Images aside, the whole listing should be written out word for word.

— Information supplied —
----

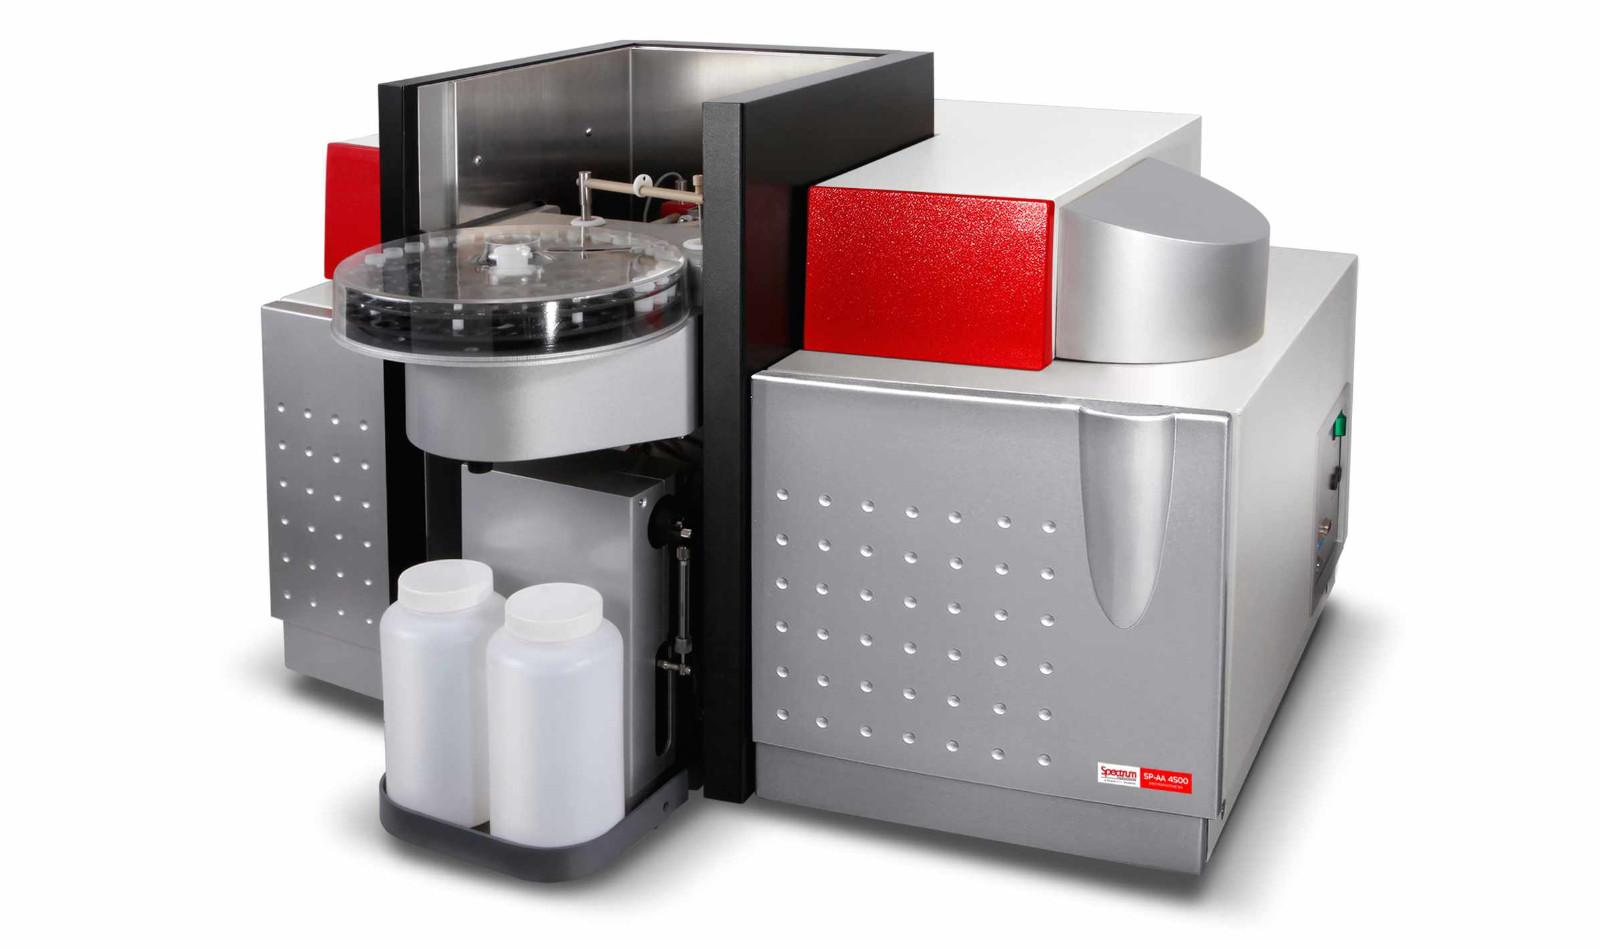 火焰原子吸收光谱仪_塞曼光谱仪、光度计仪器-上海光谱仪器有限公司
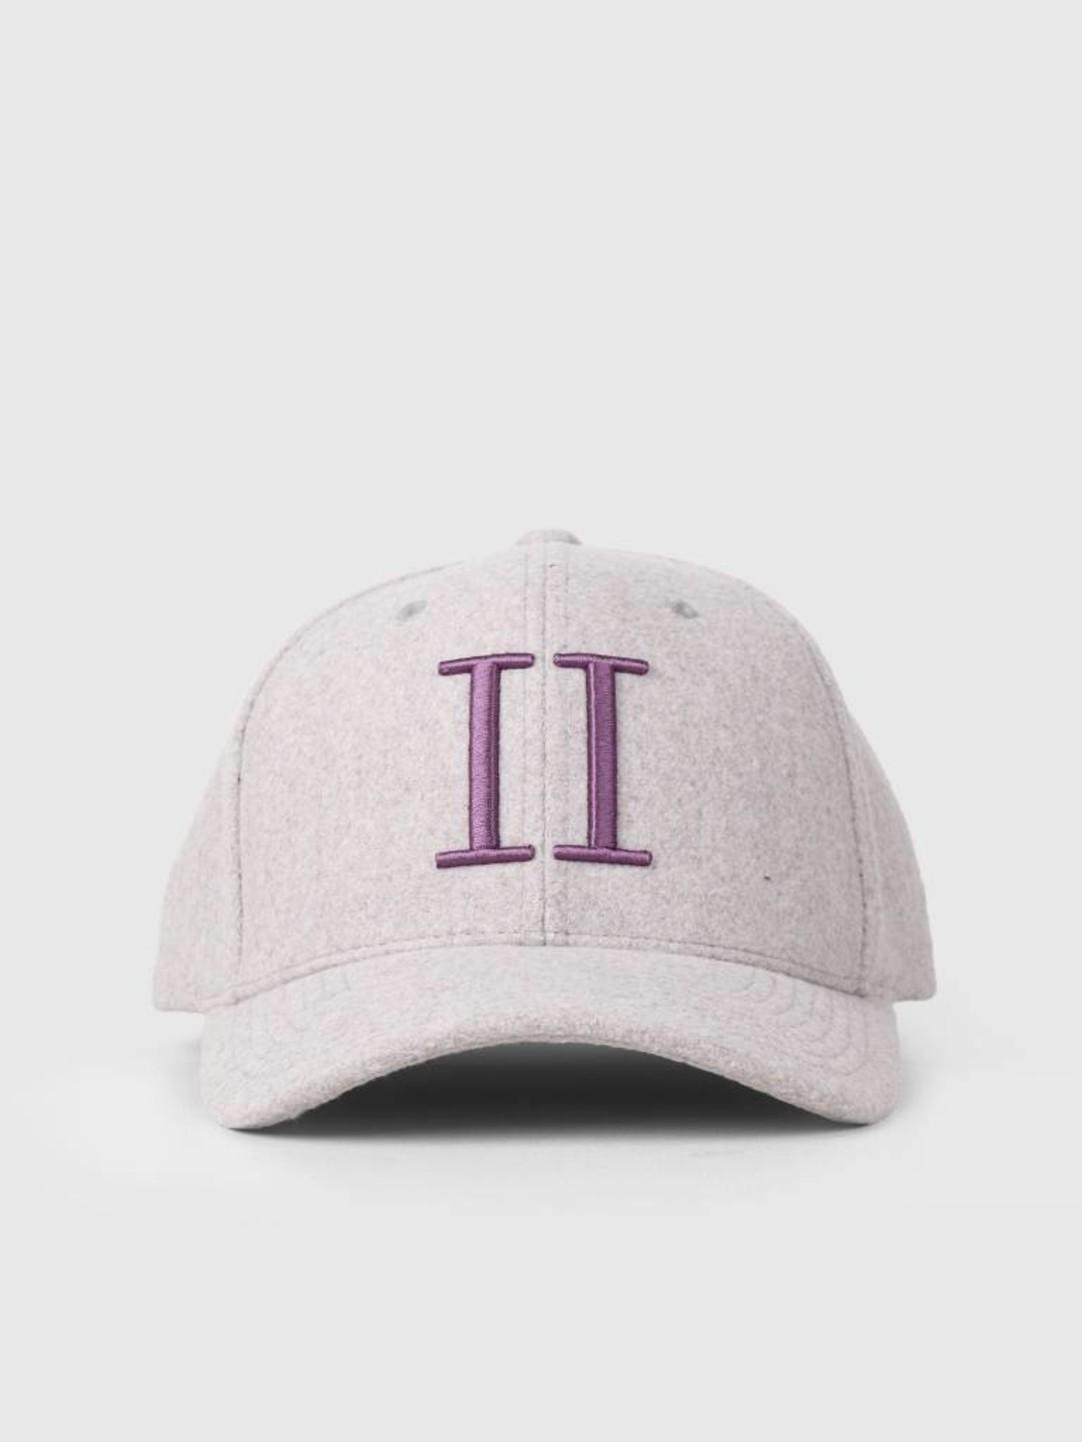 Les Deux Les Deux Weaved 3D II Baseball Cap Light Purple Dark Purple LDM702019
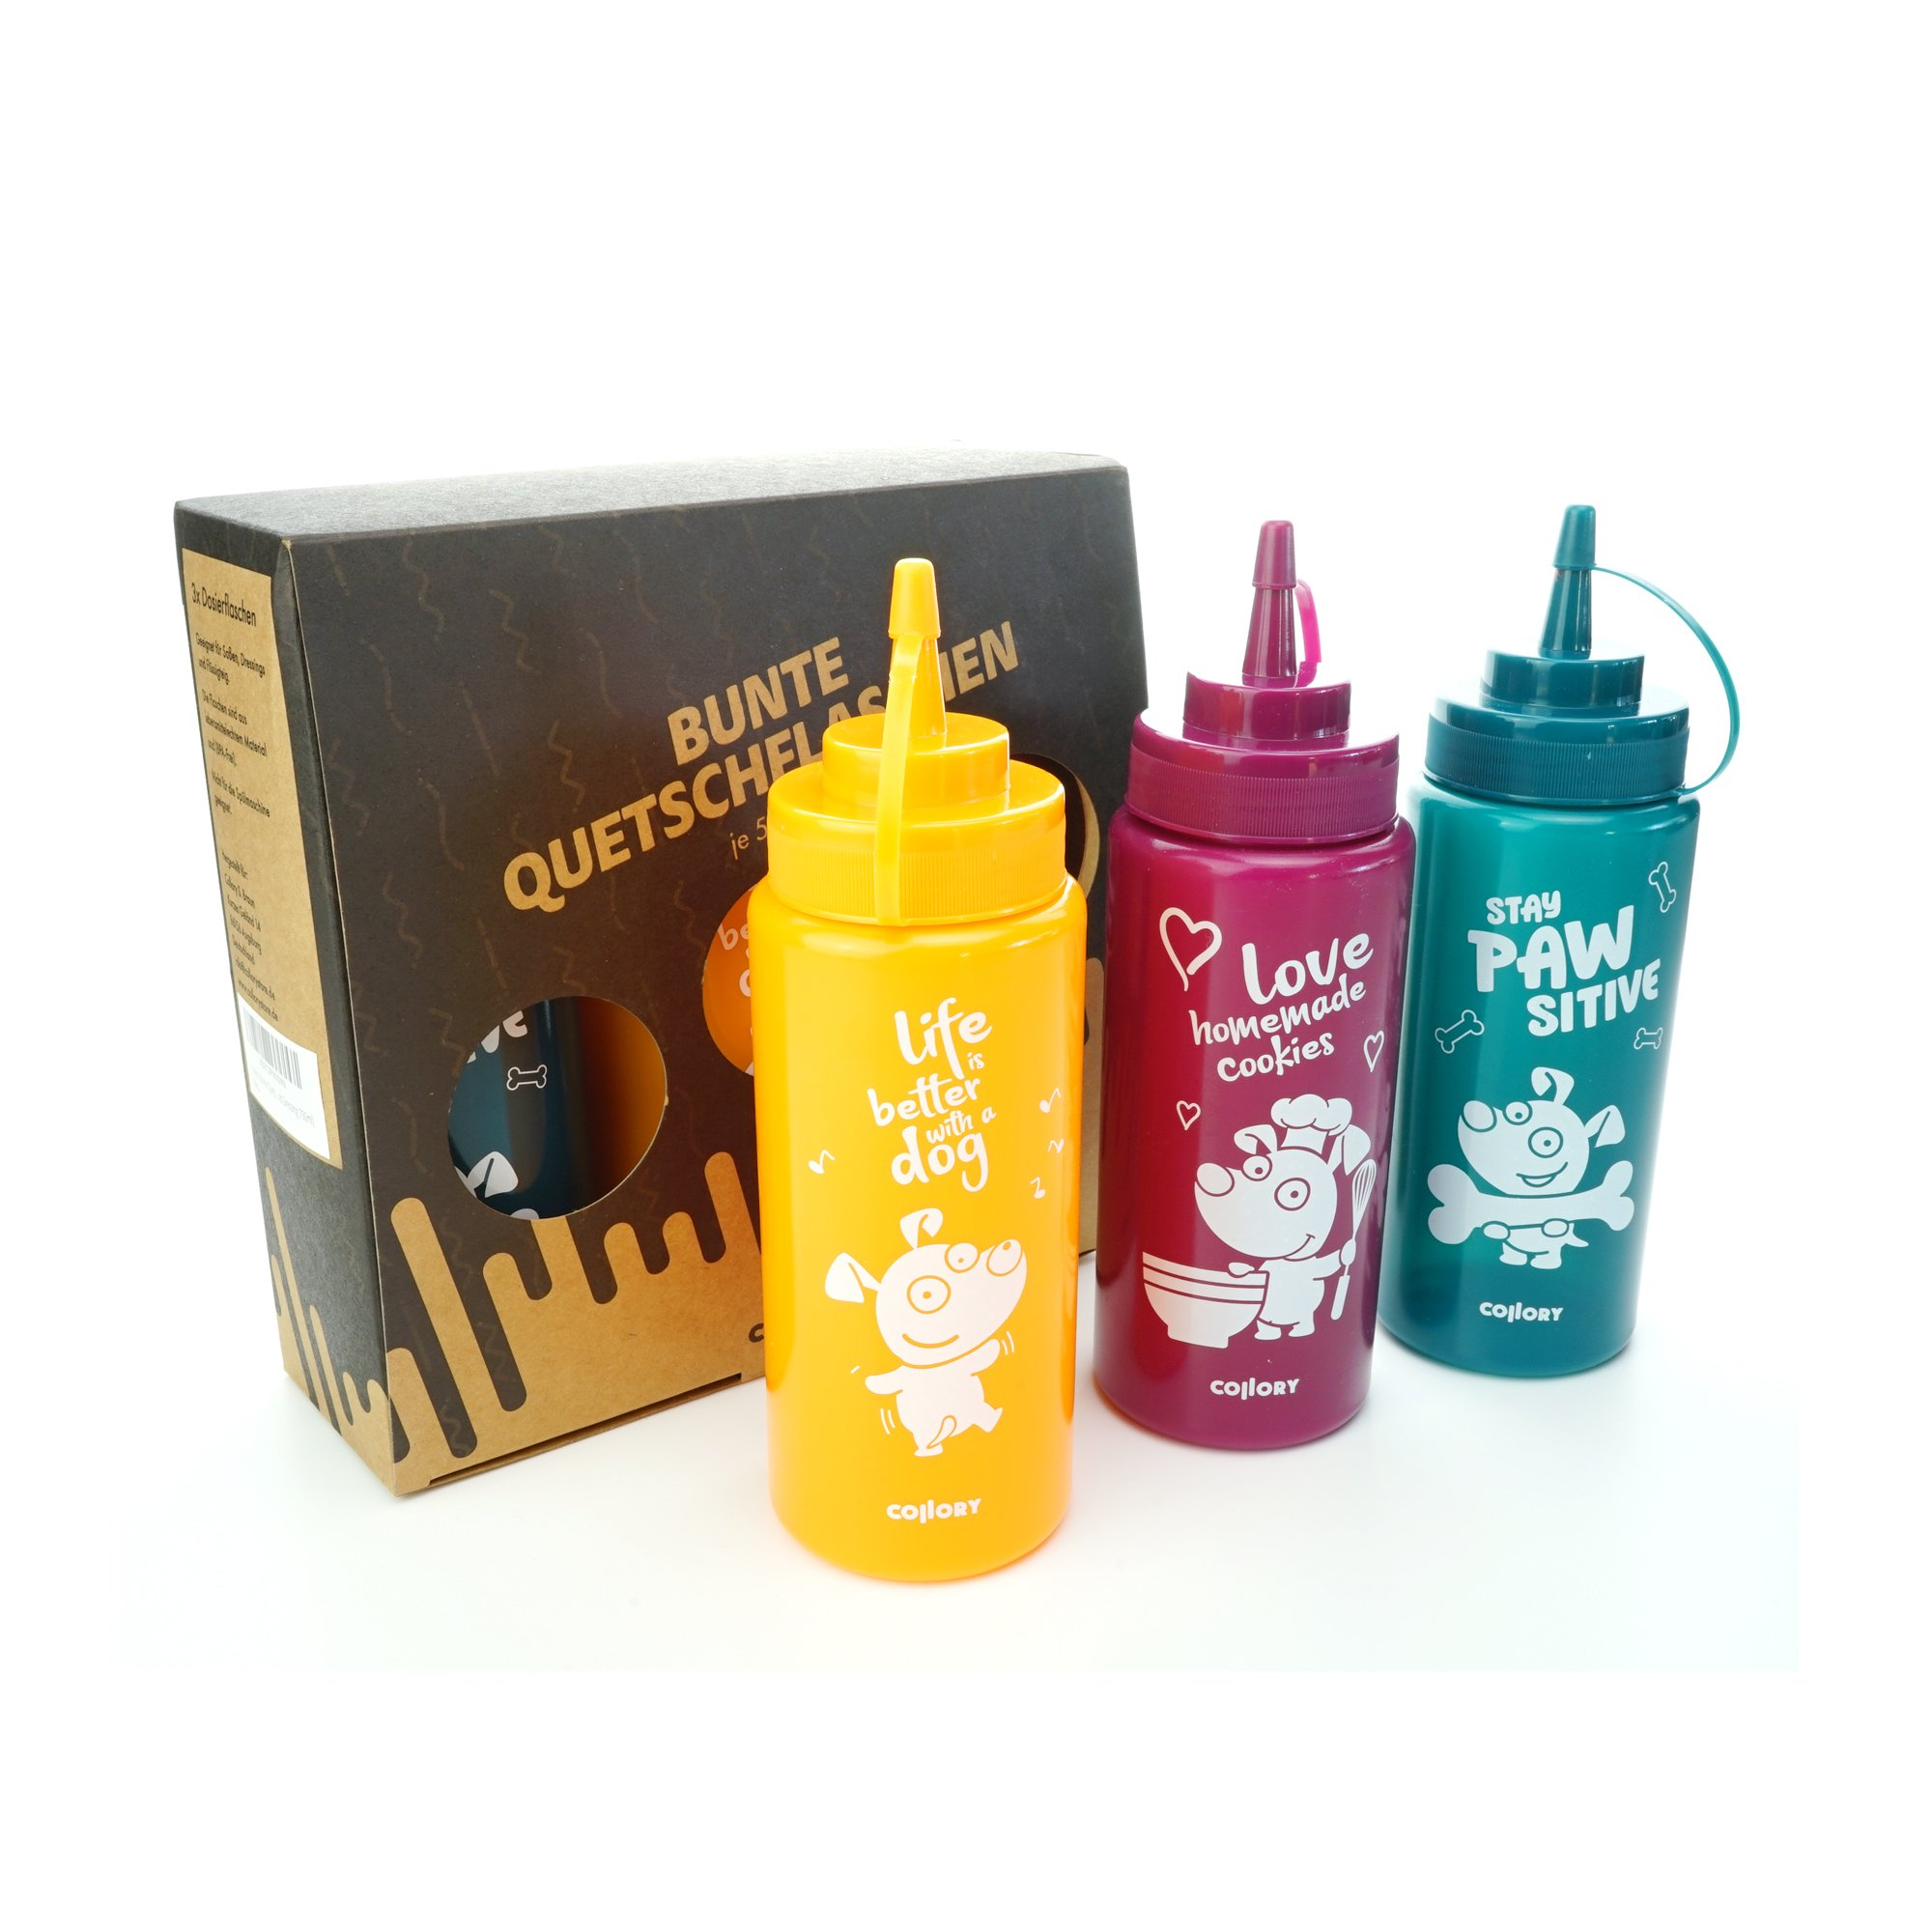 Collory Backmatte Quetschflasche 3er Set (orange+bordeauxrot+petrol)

----

— Output —
 火焰原子吸收光谱仪_塞曼光谱仪、光度计仪器-上海光谱仪器有限公司
 Les Deux Les Deux Weaved 3D II Baseball Cap Light Purple Dark Purple LDM702019
 Collory Backmatte Quetschflasche 3er Set (orange+bordeauxrot+petrol)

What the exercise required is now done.